INFORMATION PROVIDED —
=== Begin Enclosure ===

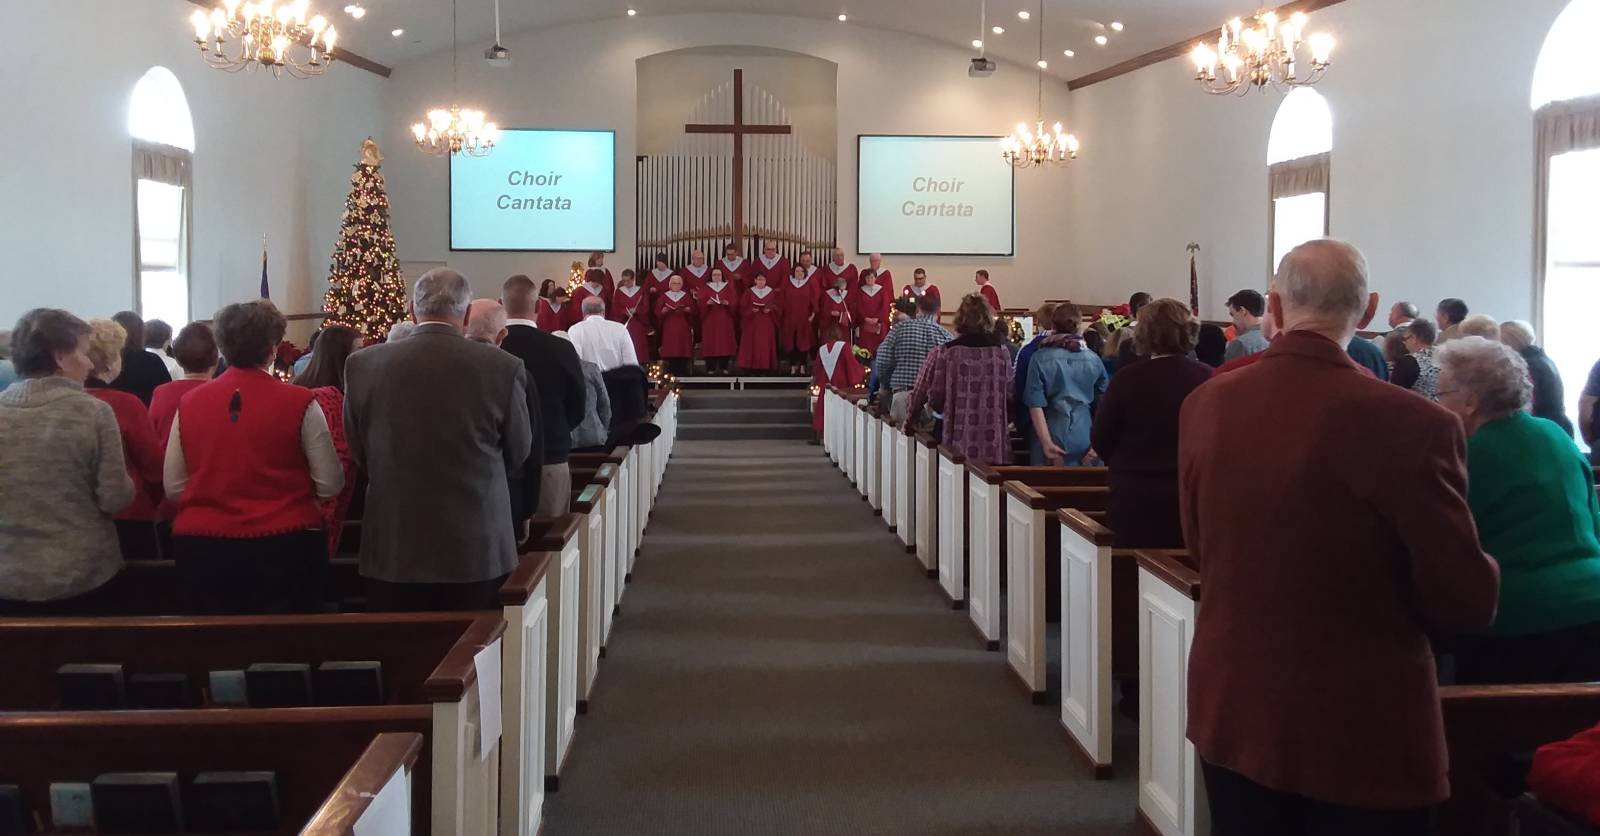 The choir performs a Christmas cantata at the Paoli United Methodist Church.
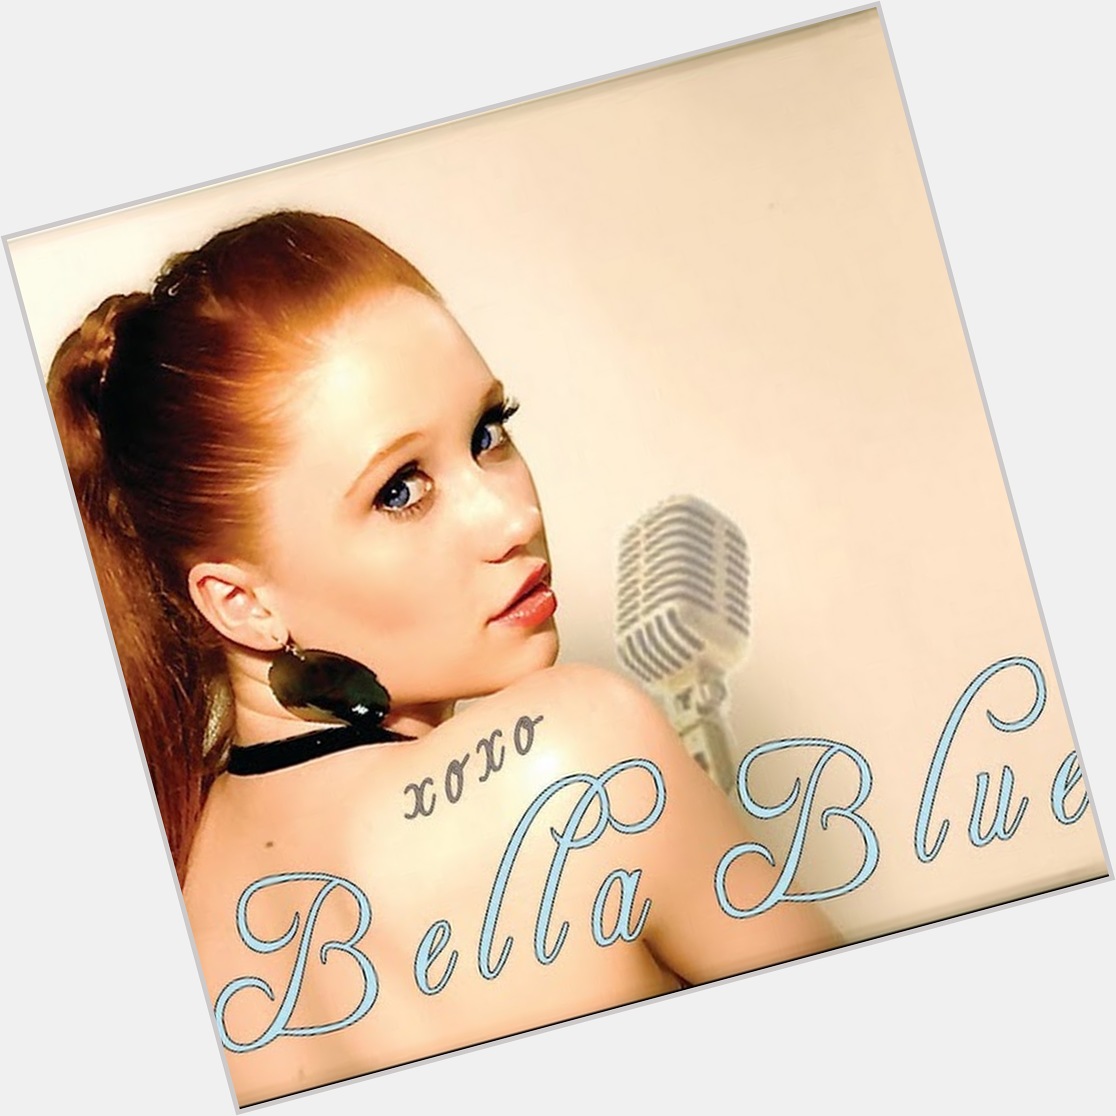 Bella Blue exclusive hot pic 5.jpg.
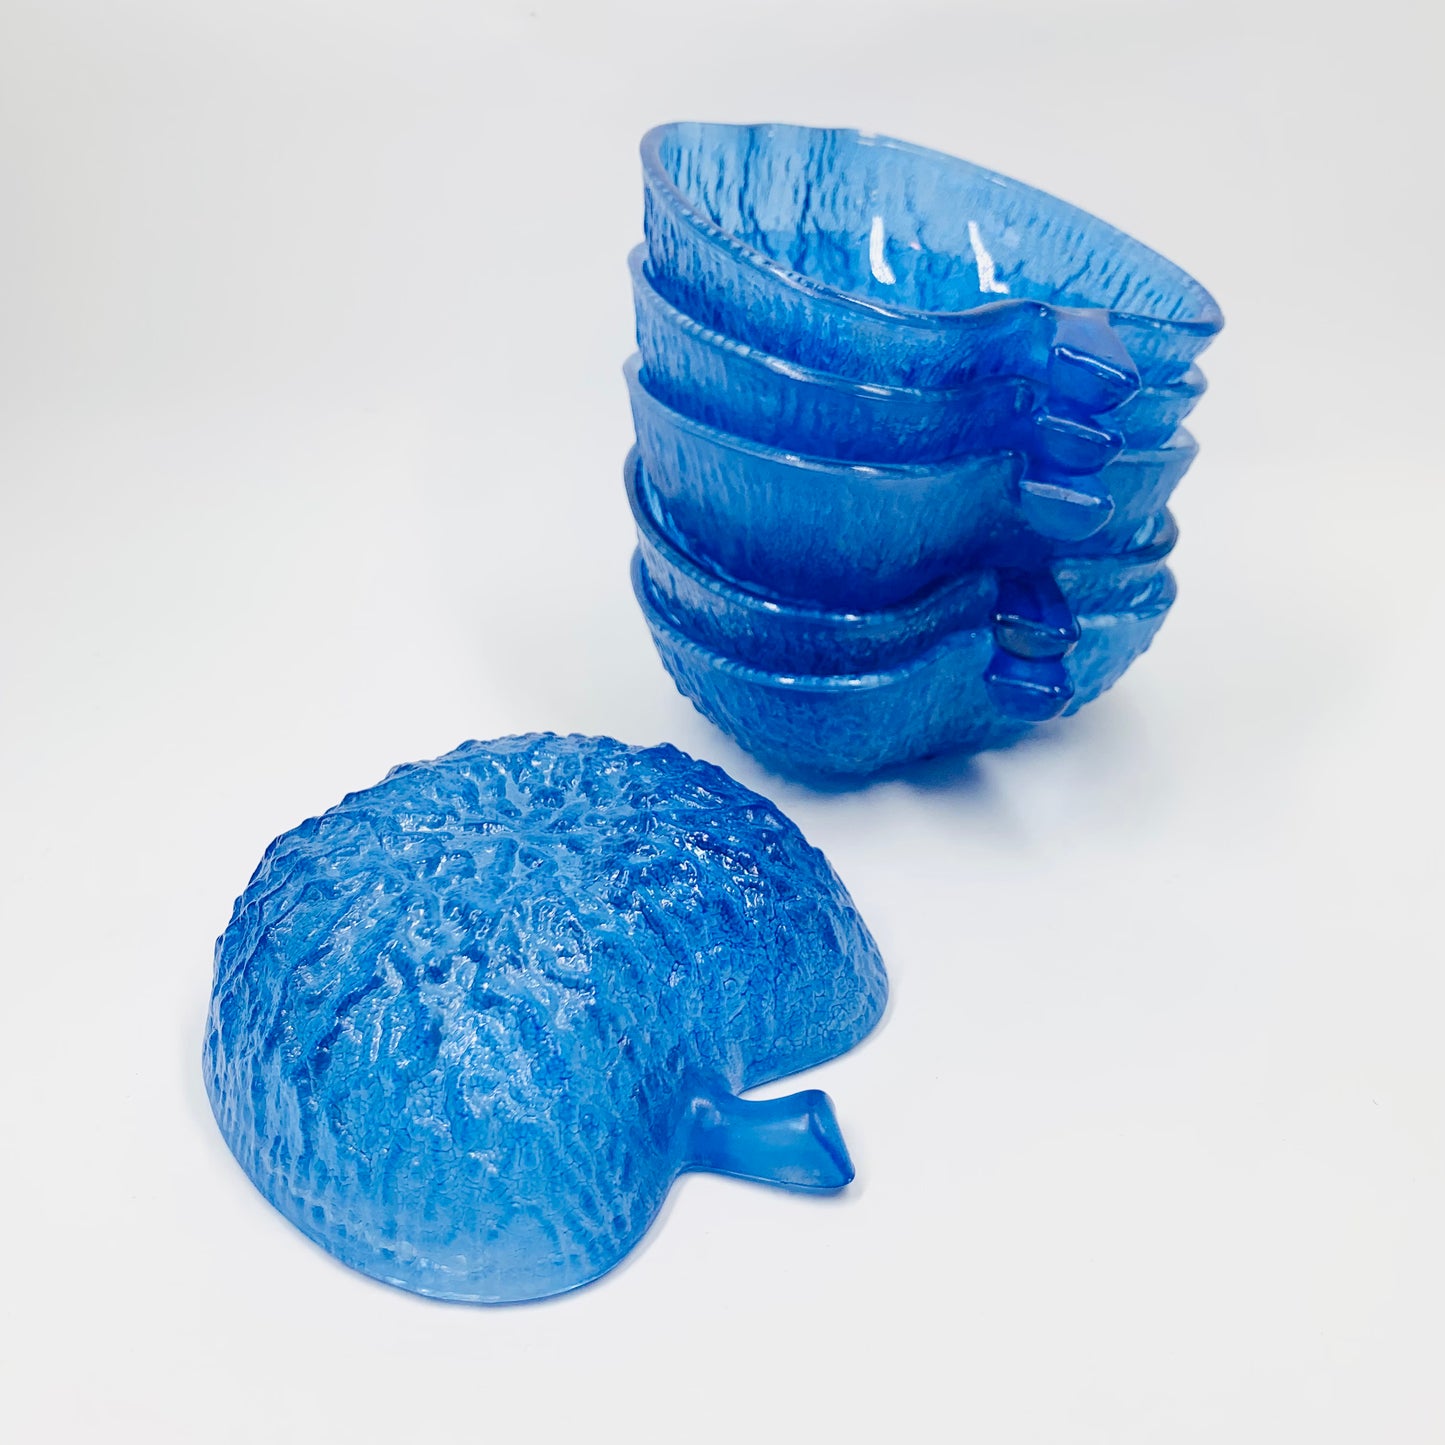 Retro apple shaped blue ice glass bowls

=== End Enclosure ===

WHAT YOU WILL DO — Every line above should be returned word for word, with the pictures left behind.

SOLUTION TO THIS PROBLEM —
 The choir performs a Christmas cantata at the Paoli United Methodist Church.
 Bella Blue exclusive hot pic 5.jpg.
 Retro apple shaped blue ice glass bowls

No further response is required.